I’ve been looking at what it takes to extend Jest setup/teardown hooks in the RedwoodJS context. Some are pretty straightforward, but some are a bit tricky – especially when looking at future proofing.
setupFiles
and setupFilesAfterEnv
are easy: both use arrays as parameters and luckily Jest will properly combine them; e.g., just adding setupFilesAfterEnv: [path.join(__dirname, './jest.setup.cjs')]
to the api/jest.config.js
(and/or web/jest.config.js
) file will run first the RedwoodJS hook and then the project hook.
testEnvironment
is also pretty simple because Redwood behaves the same way for both the api and web sides. This call wants a class as an argument, so all we need to do there is inherit from the Redwood class (web, api), properly chain into super
where appropriate, and we are good to go.
globalSetup
and globaTeardown
are where the difficulties lie. These calls take a string as an argument, and any settings added into the api or web project config files will override/obliterate any RedwoodJS settings. We can use a similar trick as we did for testEnvironment
to avoid this, but instead of deriving a class we have to use a function.
- Create a file named
api/jest.globalSetup.cjs
:
const redwoodGlobal = require('@redwoodjs/testing/config/jest/api/globalSetup.js');
module.exports = async function () {
// RedwoodJS already uses a globalSetup function, so we want to make sure that gets called first
await redwoodGlobal();
// custom Jest setup code for api side goes here...
};
- Then in
jest.config.js
add the entryglobalSetup: path.join(__dirname, './jest.globalSetup.cjs')
This will call the RedwoodJS custom code and then ours. Easy peasy.
The complication comes beecause RedwoodJS only uses globalSetup
on the api side and doesn’t use globalTeardown
at all. So if we want to use any of those hooks in our projects there isn’t anything to chain into. Which is fine, right up until a future version of RedwoodJS where one of these hooks is now used. If we aren’t watching the Jest config files with each release, our custom hooks will obliterate the good intentions of the future Redwood developers.

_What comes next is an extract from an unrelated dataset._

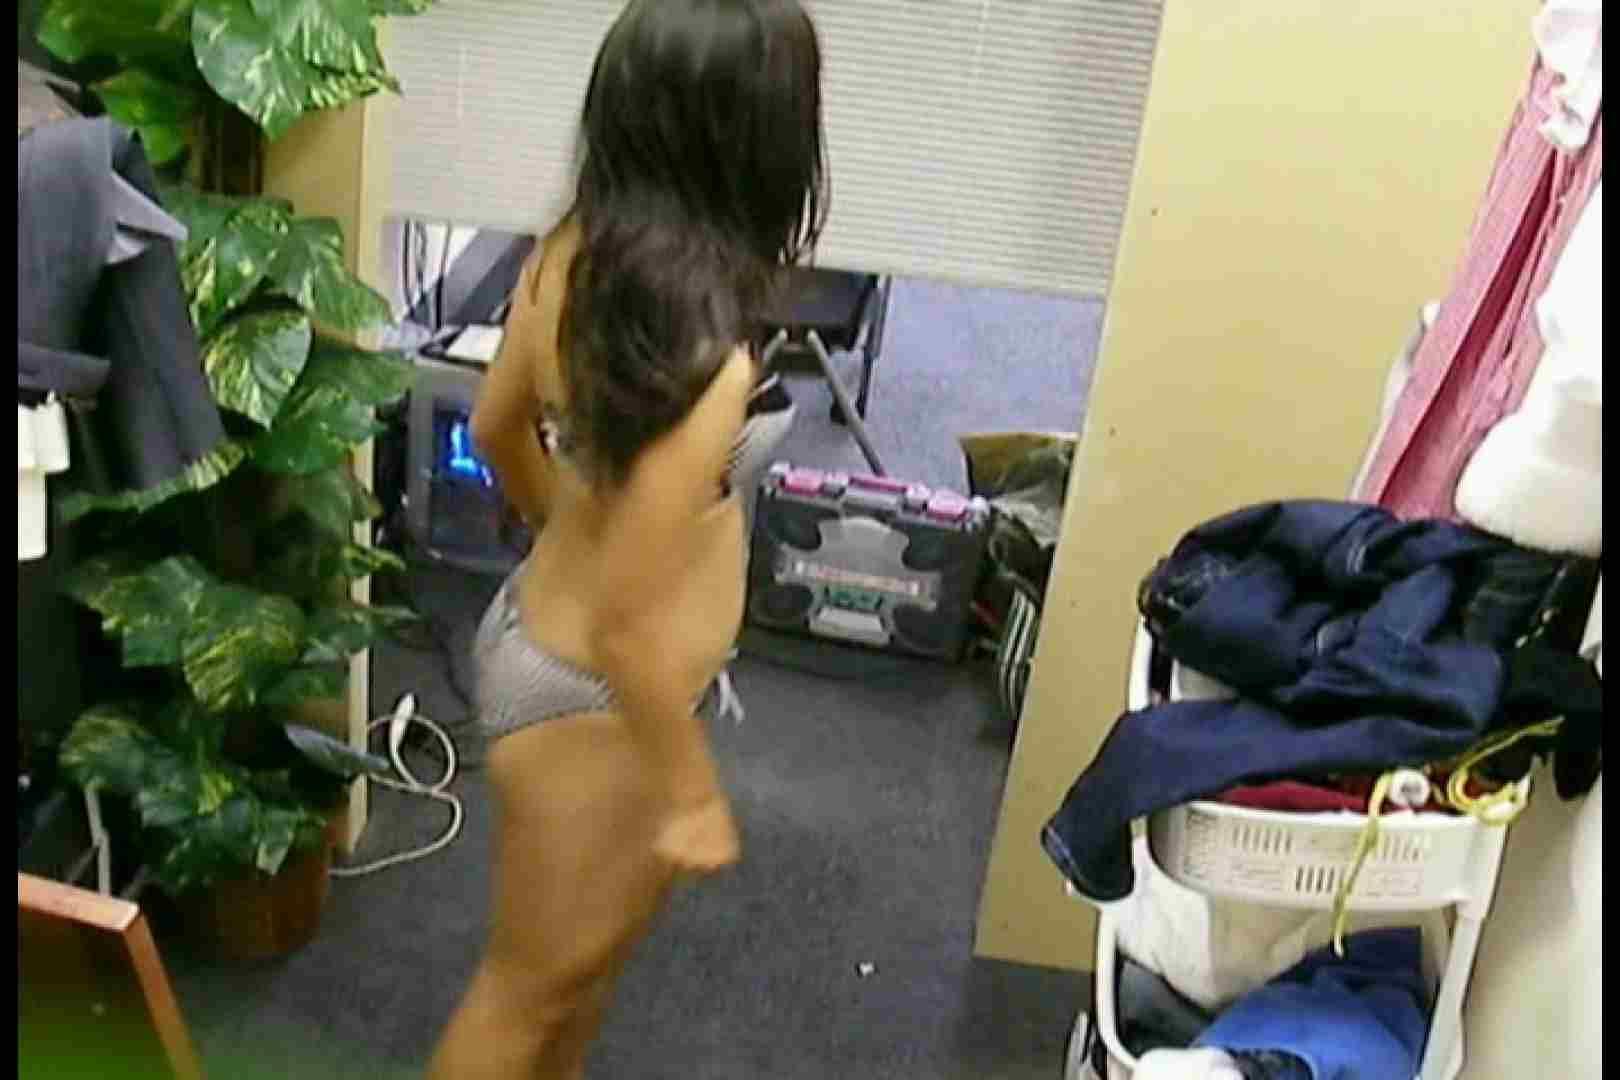 素人撮影 下着だけの撮影のはずが・・・仮名Z子ちゃん 着替え ワレメ無修正動画無料 106pic 45

My suggestion would be to add entries that do nothing on the web and api sides for these (currently) unused configuration hooks so we can always properly chain into the RedwoodJS stack. Now, when new functionality is added that wants these, it gets added and our project code automatically does the right thing.
Maybe these hooks aren’t used often by project developers enough to merit this effort and maybe the liklihood of Redwood using these hooks is low enough to warrant inclusion, but I wanted to throw this out there for discussion.
Thanks.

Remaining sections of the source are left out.